For what was the situation the rulers of the Soviet Union faced at the end of the twenties? The peoples of the Soviet Union were the 'untermenschen' marked for extermination and enslavement. They were for the most part backward and ignorant peasants. In modern warfare they had not a chance in hell. Not only Hitler, but significant and powerful sections of the German ruling class, saw the former Russian empire as Germany's future colonial empire and 'lebensraum'. And the rulers of the other empires, the good liberal democratic colonial empires, were only too keen to point the Germans in that direction, and away from their own. (That's why I hate the Tories, by the way: for most them it was class before country, every time, and for many of them it still is. Well then: 'It will go hard but I will better the instruction.' Class before country.)

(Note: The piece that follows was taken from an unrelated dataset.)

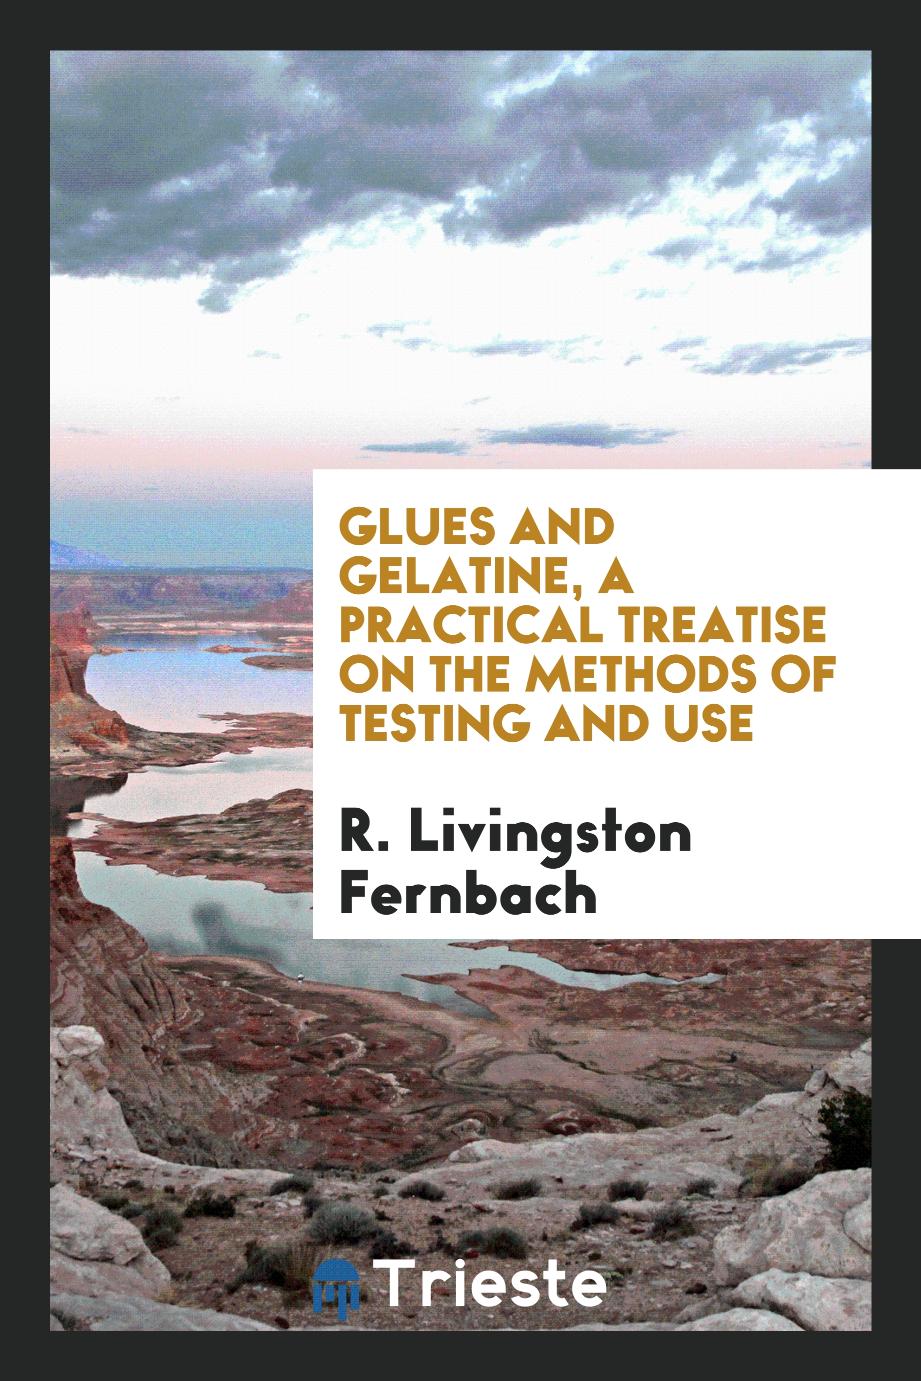 Glues and gelatine, a practical treatise on the methods of testing and use

The rulers of the Soviet Union, that empire of untermenschen facing extermination or enslavement, knew what was coming. They knew that, in a decade or less, an army from the future would fill their horizon with a storm of steel. There was no way of avoiding it. There was no way of preparing for it without the most horrendous efforts, the most drastic expedients, to drive and dragoon their empire into the twentieth century. As I've said elsewhere, they had to beat their ploughboys into swordsmen. And if they chose that, there would be those who would flinch, those who would panic, those who would revolt and those who would betray. There was no way of knowing in advance who these might be. There was no benefit of the doubt to be given doubters. One slip could be fatal. There was not an inch to be given. The costs would be horrific. The price was madness. The reward was infamy. But it was that - or death.

As Stalin said in 1931:

'We are fifty or a hundred years behind the advanced countries. We must make good this distance in ten years. Either we do it, or they crush us.'

Everything that was defensible in Stalinism, and everything I would defend about the Soviet Union, is in these three sentences. Everything else was negotiable, was debatable, could have been done otherwise, can be criticised, denounced, condemned. And I have done so often enough, but not enough to satisfy you and your ilk. Nothing that I say ever would be, and please God it never will.

[Afterword: the above piece shocked me almost as soon as I had posted it, and gave rise to some painful reflections. It is confused and wrong. Please allow me some time to sort this mess out.]